SAN FRANCISCO - Discussions aimed at merging Sun Microsystems Inc.'s NetBeans Java development framework with the IBM Corp.-backed Eclipse group have broken down, Sun said on Wednesday. The news ends months of speculation about whether Sun, the company that created Java, would join forces with IBM, one of Java's biggest supporters, and unify the two companies' efforts to create a standard open-source development environment for Java.
The companies had been in negotiations since around the middle of the year, when Sun indicated that it might be amenable to a merger of the projects. Since then, Sun executives had been communicating regularly with IBM and with the Eclipse Board, Sun said.
Sun had hoped to reach an agreement on how to merge the two groups in time for the December meeting of the Eclipse Board, which is being held on Wednesday in Dallas. It withdrew from the negotiations because it was not offered "an equitable share in mutual development," according to a Sun statement distributed to the press.
IBM declined to comment on the matter, and Eclipse representatives could not immediately be reached.
The companies had been trying to find ways to merge the software frameworks, the governance and the development communities of the two projects, as well as ways to make the plug-in software that third-party developers have written for NetBeans and Eclipse compatible, said Rich Green, Sun's vice president of developer platforms.

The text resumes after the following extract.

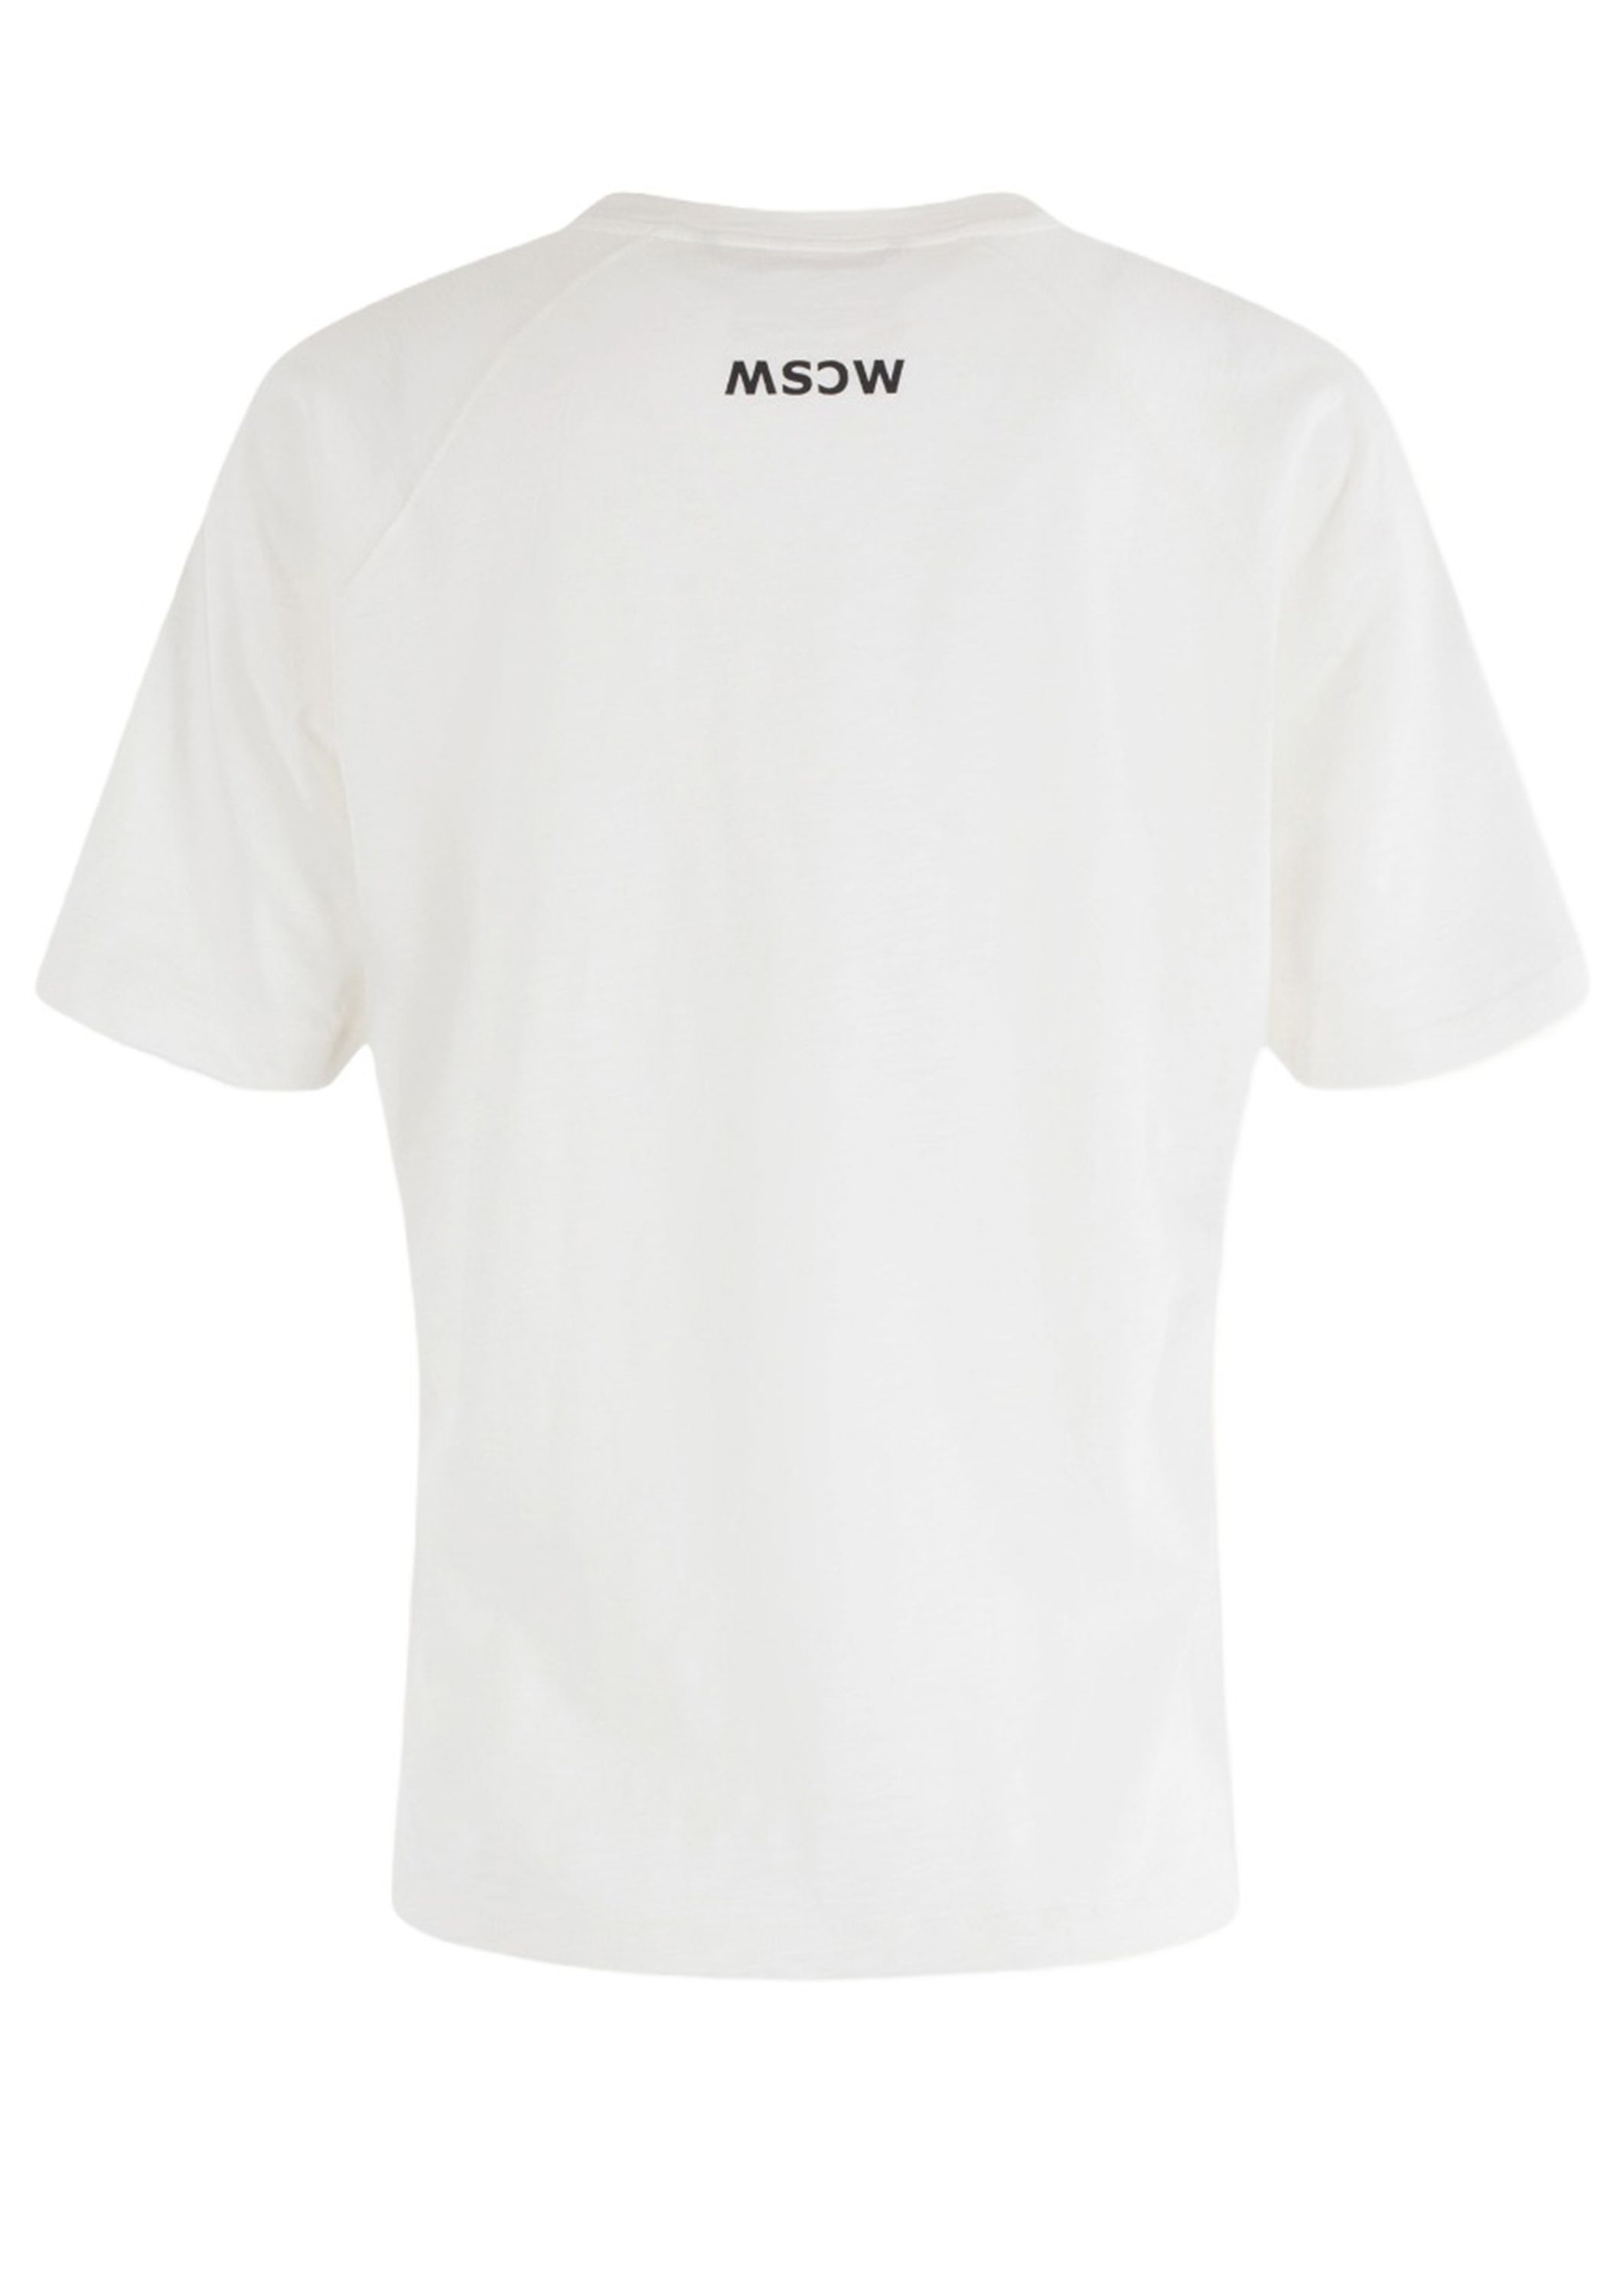 MOSCOW SHIRT

"The talks revolved around those four things, and we didn't reach agreement in time for the board meeting," said Green. Sun has now walked away from the negotiations and no further talks with the Eclipse team are currently scheduled, he said.
IBM kick-started the Eclipse project with a US$40 million investment in 2001 and has done the lion's share of development work. The project was immediately perceived as a direct threat to Sun's NetBeans, which had been launched a year earlier.
The news that Sun has withdrawn from negotiations to merge the projects means Eclipse and NetBeans will remain competitive for the foreseeable future, although Green said he is still open to further discussion. "If there is a way to merge them where the winner is the developer, we'll do it," he said.